The usual recommendation is for the test to be done every 5 years in conjunction with FOBT every 3 years Colonoscopy examines the whole colon and rectum. A form of sedation is recommended for patient comfort. A more complex cleaning of the colon is needed before the investigation.

It has the advantage of biopsy, too. Death from CCR is reduced by about 70 percent. The usual recommendation of cancer genetic lesions is at 10 years, cancer genetic lesions long as other tests are negative Double-contrast barium enema : less sensitive than colonoscopy for detecting small polyps and cancers; has an utility for those who cannot undergo colonoscopy. New screening tests are under investigation: stool DNA cancer de osos trials showed a high rate of false positivesvirtual colonoscopy and capsule endoscopy; they should not yet be used for screening.

It had two arms: one used low dose helical CT and the other, standard chest X ray. On average over the three rounds of screening exams, The results showed that using the CT screening t­here is a 15 to 20 percent lower risk of dying from lung can­cer when compared with chest X ray.

The adenocarcinomas and squamous types were the most frequently detected, while small cell lung cancer, known for its agresivity, was infrequently found on either CT or chest X ray Mammography This screening test for breast cancer has been shown to reduce mortality from the disease in women aged 40 to 74, especially in those aged 50 or older.

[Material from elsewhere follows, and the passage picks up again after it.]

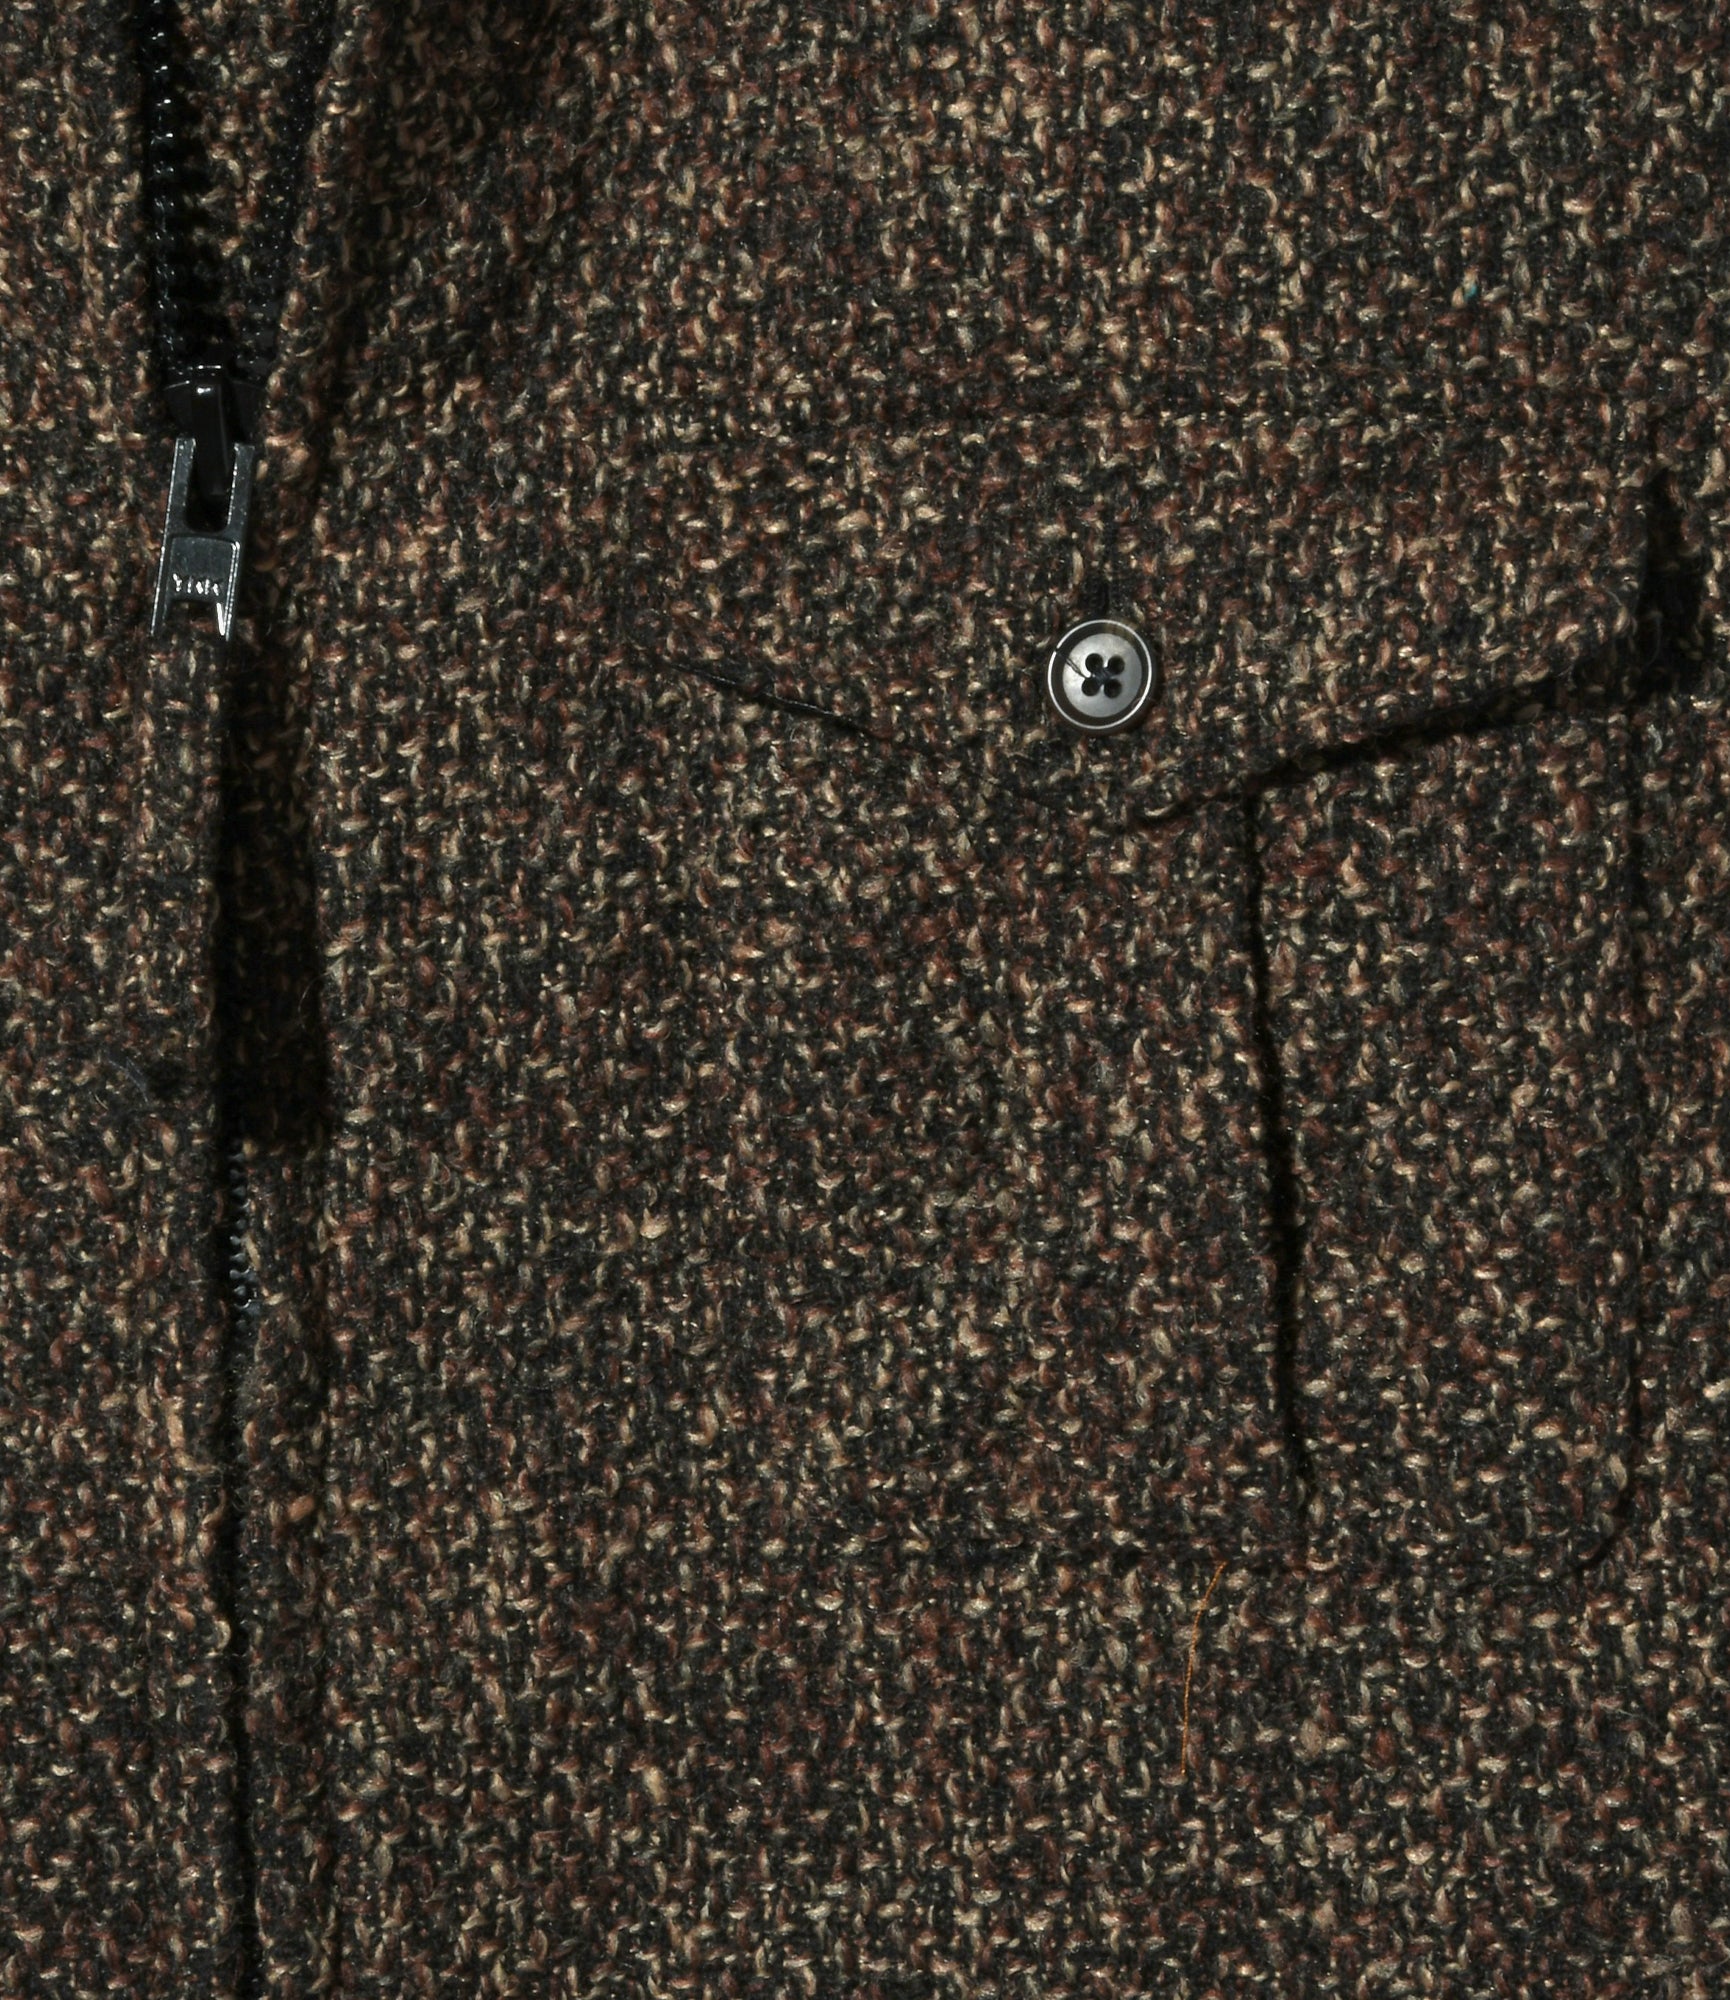 Engineered Garments SAS Jacket - Dk Brown Polyester Wool Tweed Boucle

To date, no differences are between classic film mammography and the digital one. Women with breast implants should continue to have mammograms. A special technique called implant displacement views may be used. Modern mammograms cancer genetic lesions a very small amount of radiation. Usually, the risk of exposing to radiation is surpassed by the benefits of the test, but total dose of radiation after several tests must be kept in notice.

This test has the advantage of the possibility of being installed in mobile cancer genetic lesions. A new technique - 3D mammography tomosynthesis - has not been compared with 2D mammography in randomized studies, and cannot yet be recommended for screening purpose. Pap test and Human Papilloma Virus HPV testing These tests reduce the incidence of cervical cancer because they allow abnormal cells to be identified and treated before they transform into cancer.

They also help reduce death from the disease. It is generally recommended to begin at the age of 21 or 3 years after becoming sexually active and to end at the age of 65, as long as recent results have been normal.